Single by Ben Folds

from the album Rockin' the Suburbs
- Released: April 17, 2001
- Recorded: 2000
- Genre: Comedy rock
- Length: 4.58
- Label: Epic
- Songwriter: Ben Folds

Ben Folds singles chronology
|  | "Rockin' the Suburbs" (2001) | "Still Fighting It" (2002) |

Music video
- "Rockin' the Suburbs" on YouTube

= Rockin' the Suburbs (song) =

"Rockin' the Suburbs" is a song by Ben Folds from his debut solo album, Rockin' the Suburbs, released on April 17, 2001. Written as a parody of the nu metal genre, it reached number 28 on the Billboard Alternative Airplay chart.

== Music and lyrics ==
The song is a parody of nu metal, partly inspired by Korn. In 2000, Folds played the Summer Sonic Festival in Japan and noticed some "big hairy Americans" heckling him from the side of the stage. He later recognised them on the cover of Spin as members of Korn, where they were also quoted as saying "Ben Folds Five are fucking pussies. They play fucking Cheers music." Folds then listened to their music and while he enjoyed it, he found it "one-tracked emotionally." He started to parody Korn during his sets by "screaming in a heavy metal falsetto... things like: Feel my pain, I am white, feel my pain." This ultimately led to the writing of "Rockin' the Suburbs", though Folds decided not to specifically name names as he felt the song was stronger if "not directed to anybody."

==Single track listing==
1. "Rockin' the Suburbs" [Radio Edit]
2. "Girl"
3. "Make Me Mommy"
4. "Rockin' the Suburbs" [Video]
Japanese EP:
1. "Rockin' the Suburbs" [Radio Edit]
2. "One Down"
3. "Girl"
4. "Make Me Mommy"
5. "The Secret Life of Morgan Davis"

==Music video==
The music video for "Rockin' the Suburbs" was directed by Folds' friend "Weird Al" Yankovic, who also plays the role of a producer who fixes Folds' "shitty track", directly riffing on one of the song's lyrics. The video features Folds playing multiple members of an angry rock band in a suburban den and in front of a white background.

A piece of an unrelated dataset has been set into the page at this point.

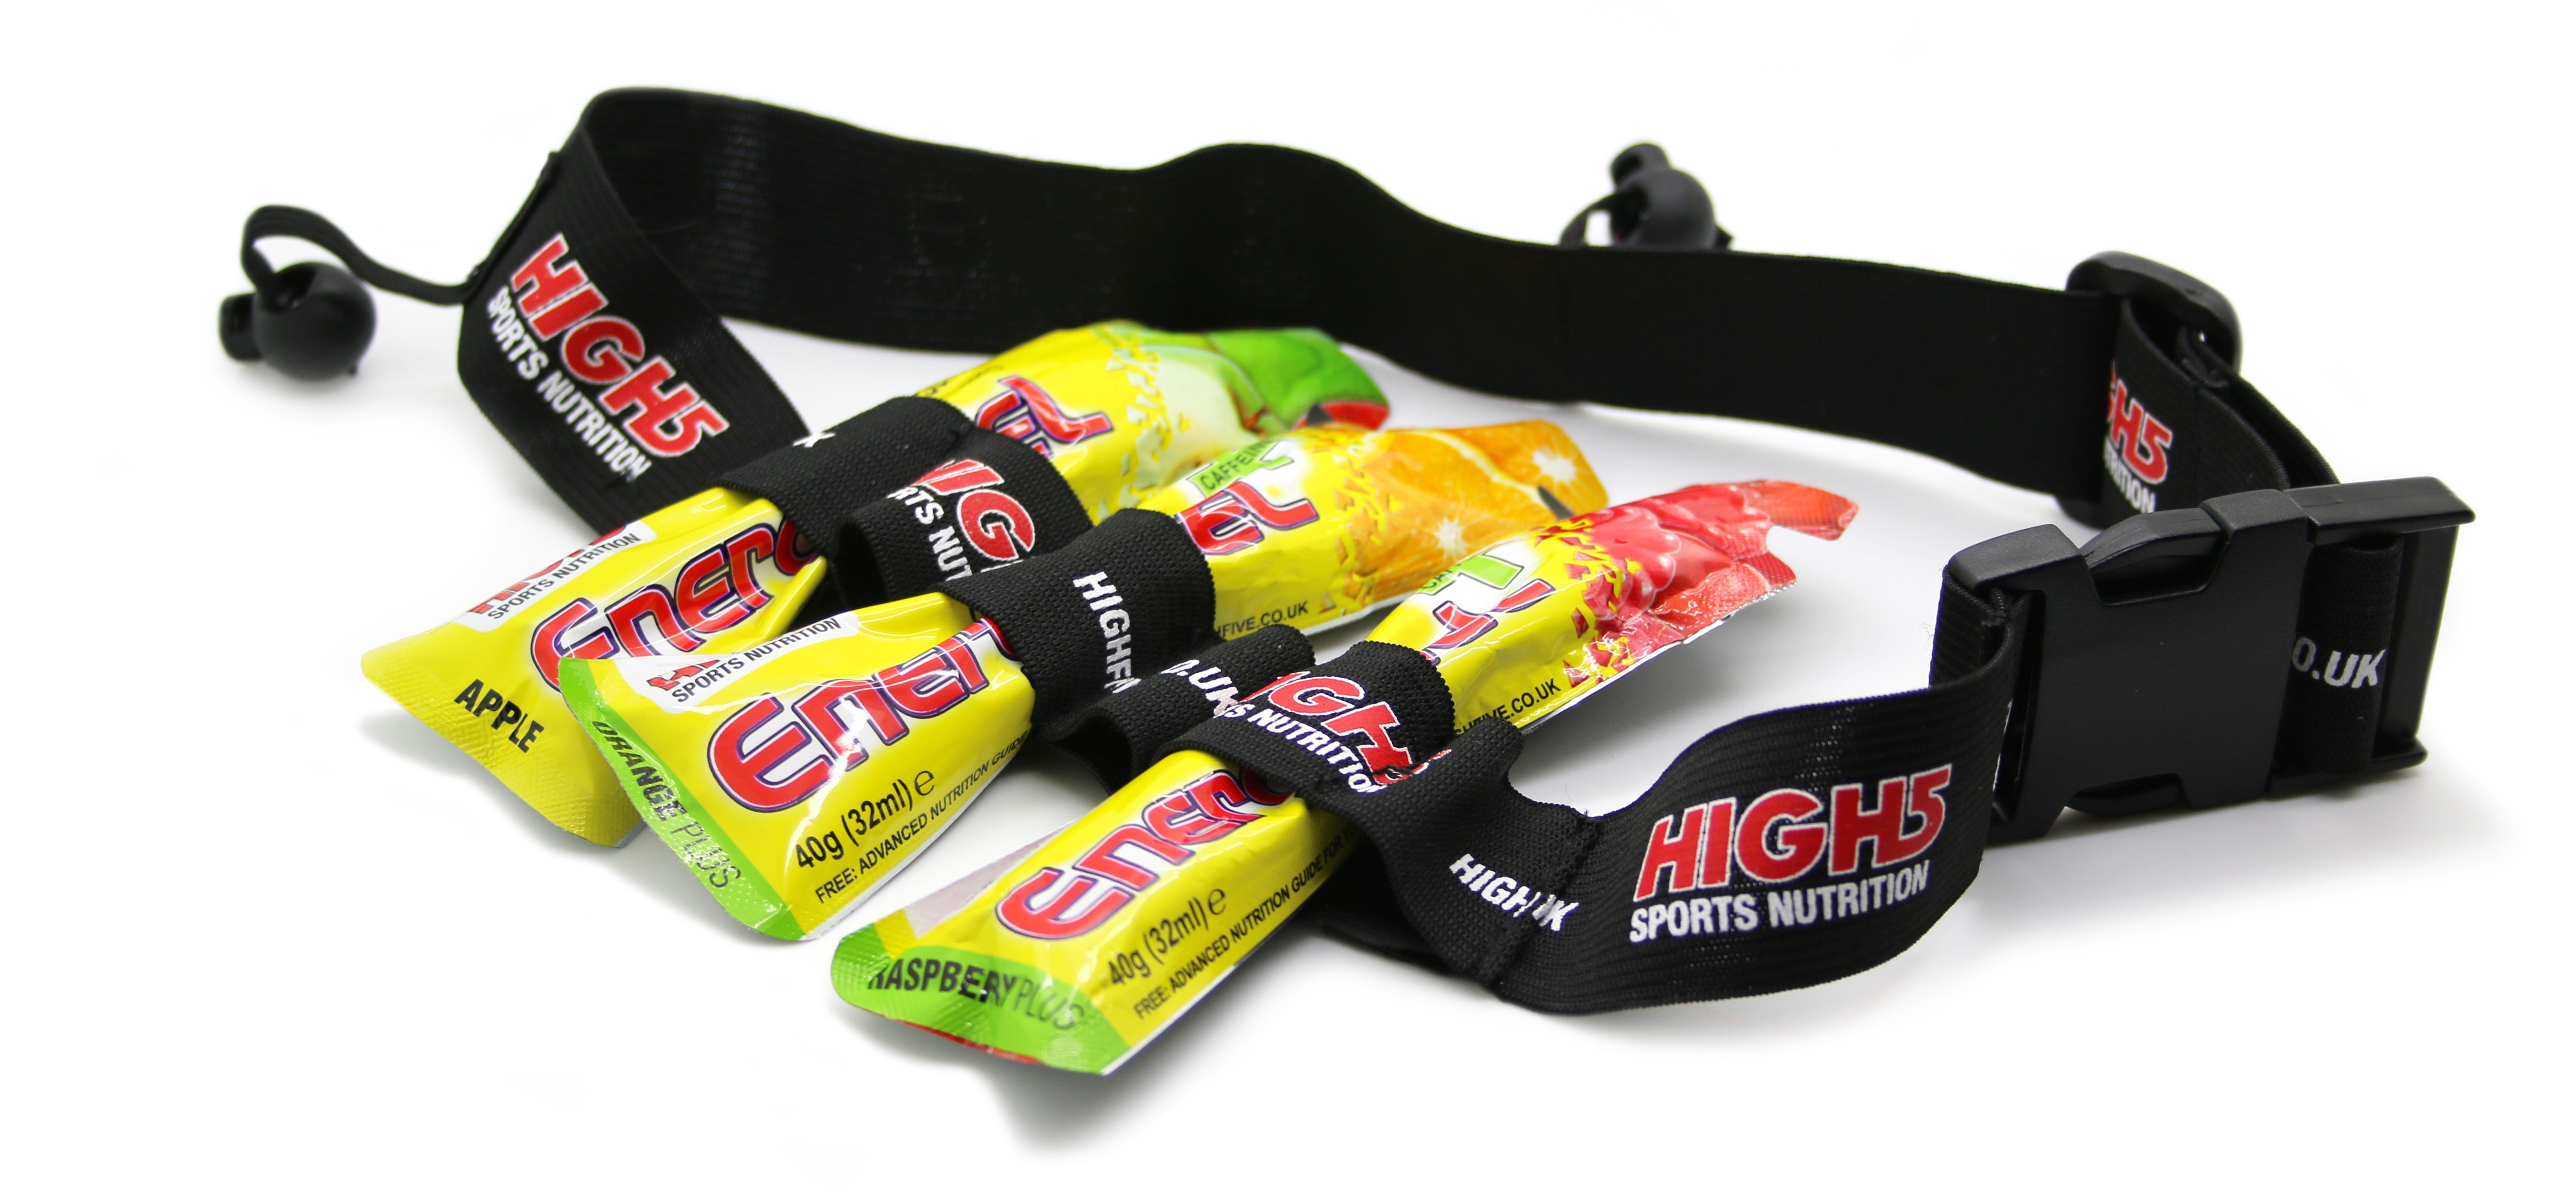 Sports gel. Спортивные гели для бегунов. Пояс для спортивного геля. Спортивное питание гели. Пояс для гелей для бегунов.
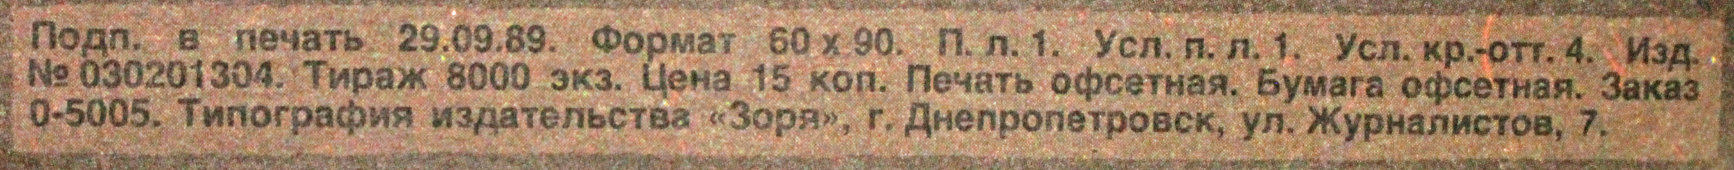 Советский агитационный плакат «Пора отдавать долги!», художник Е. Курманаевская, 1990 г.

At the end of the song's second verse, Folds sings the lyrics, "Girl, give me something I can break", which are a riff on the Limp Bizkit song "Break Stuff". After the song's bridge, Folds is shown outside in a suburban neighborhood wearing a backwards red New York Yankees cap, the trademark of Limp Bizkit's frontman Fred Durst. During this portion of the video, Folds engages in "suburban" activities such as skateboarding, jumping in pools and flipping burgers.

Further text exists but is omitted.